Zur Erfüllung des Rechtsanspruchs in der LHH werden daher die Grundschulen betrachtet, die noch nicht im Ganztagsbetrieb sind. Hierzu wird die Verwaltung gemeinsam mit den Schulen Umsetzungskonzepte entwickeln und schulstandortspezifisch prüfen, wie die Grundschulkinderbetreuung bedarfsgerecht umgesetzt werden kann.

Um Eltern die das Betreuungsangebot des „Feuerwehrtopfs“ in Anspruch nehmen nicht schlechter zu stellen, soll künftig ein Kostenzuschuss für die Mittagessenversorgung gezahlt werden, analog dem städtischen Mittagessenzuschuss für die Ganztagsschulbetreuung.

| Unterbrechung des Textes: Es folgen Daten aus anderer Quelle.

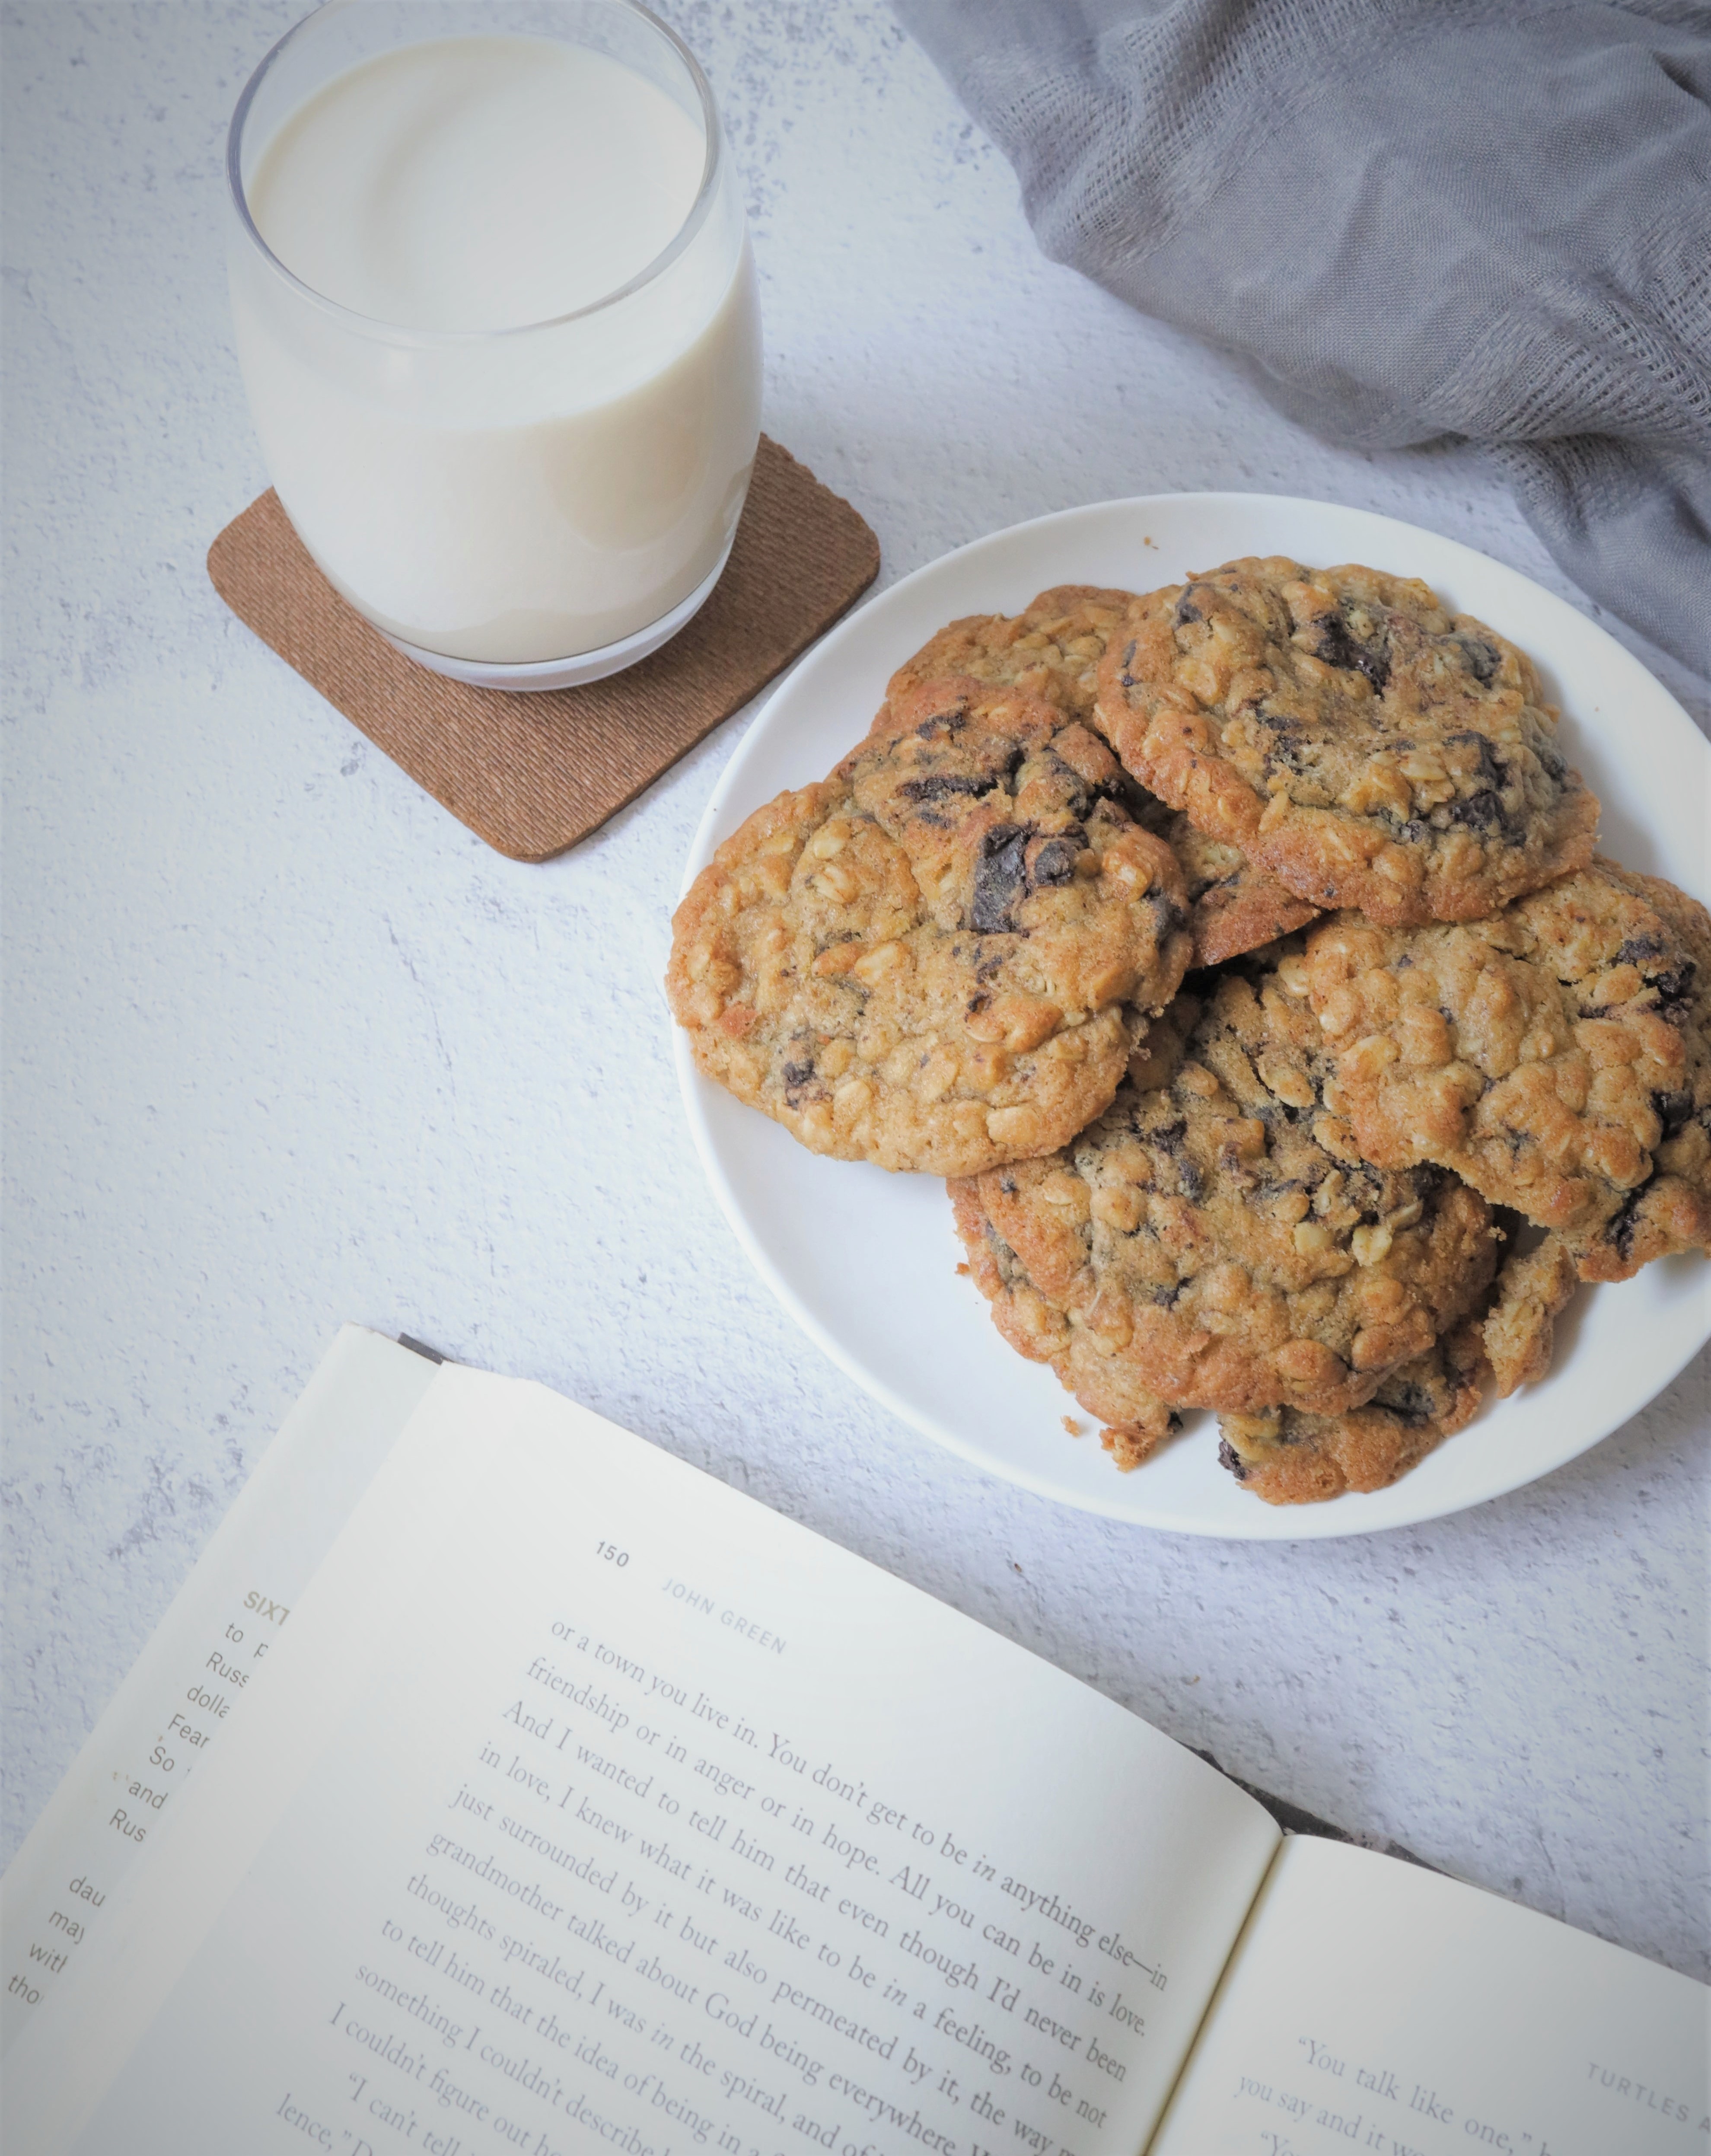 opened book, glass of milk, plate of cookies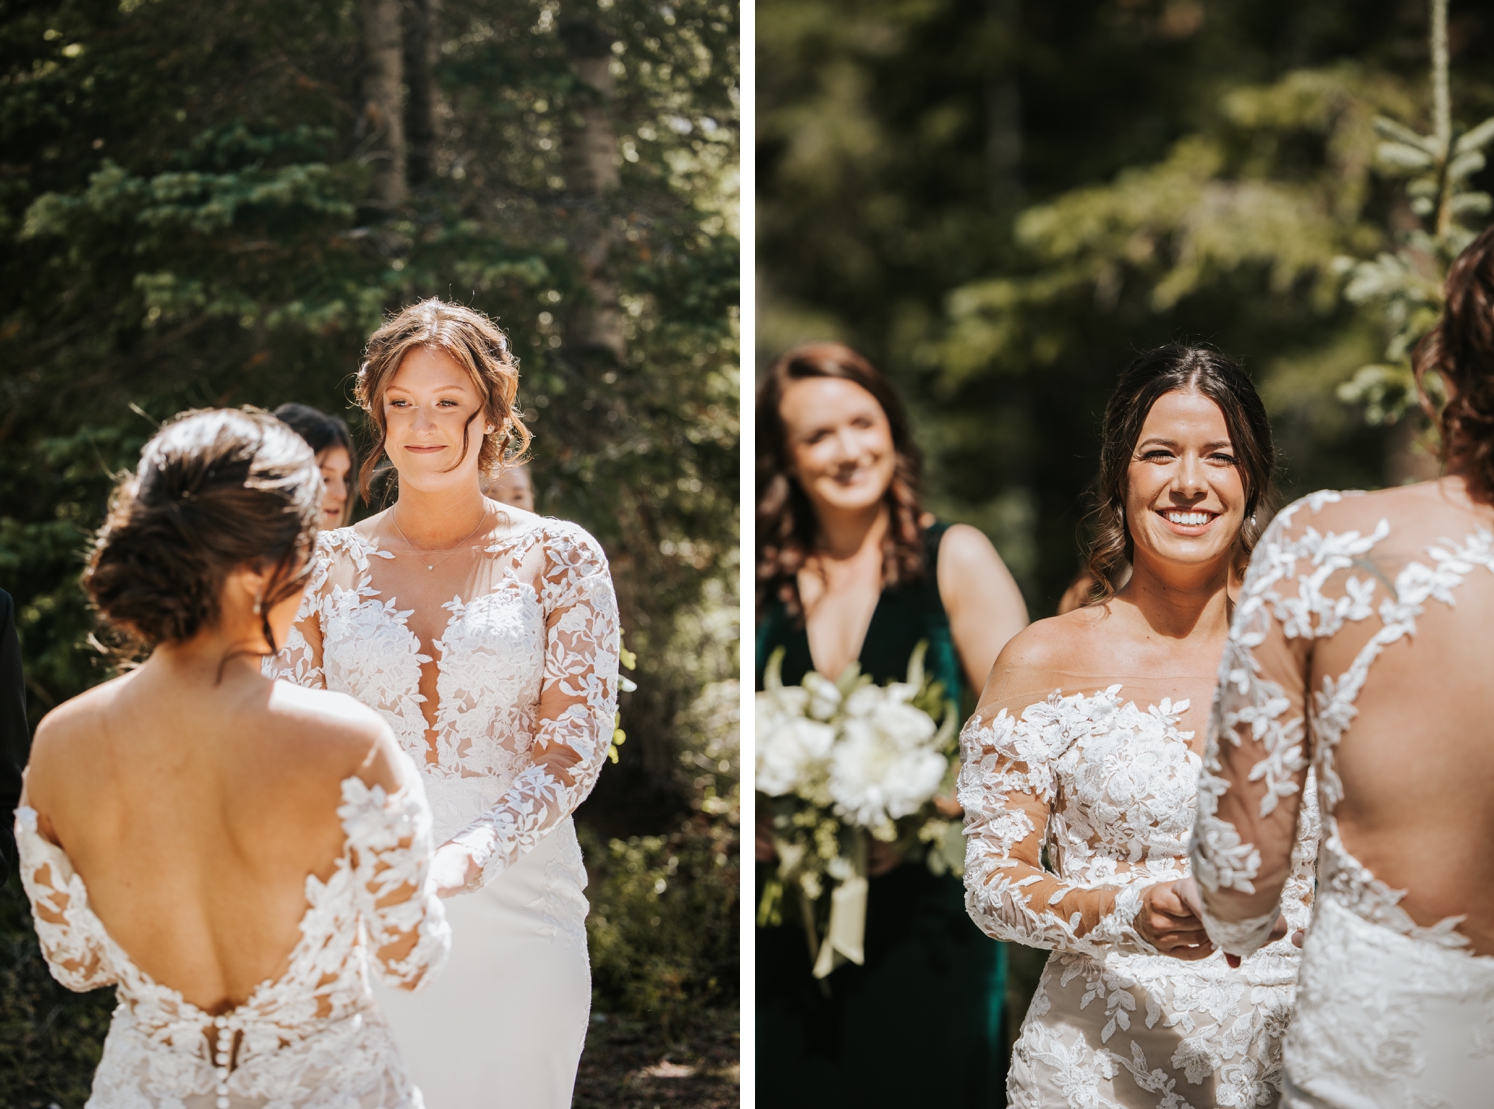 Couple holding hands at lakeside ceremony at Telluride wedding | Couple smiling during ceremony at Telluride wedding | McArthur Weddings and Events

Das Betreuungsangebot „Feuerwehrtopf“ soll künftig die neue Bezeichnung „GanztagsBrückenHannover (GBH)“ erhalten.
Um an Grundschulstandorten ohne Ganztagsbetrieb den Rechtsanspruch auf Grundschulkinderbetreuung erfüllen zu können, bedarf es zusätzlicher Flächen, insbesondere für die Mittagessenversorgung. Hierzu ist für jeden Standort eine individuelle Betrachtung vorzunehmen, Alternativen abzuwägen und eine wirtschaftliche Entscheidung herbeizuführen. Möglichkeiten könnten hier z. B. die Errichtung von mobilen Raumeinheiten für die Abbildung von Betreuungsplätzen an Grundschulen sein, sowie die Anmietung von Räumen in der Nähe von Schulstandorten.

Die Verwaltung wird die politischen Gremien zum Sachstand und zur Umsetzung der Drucksache regelmäßig informieren.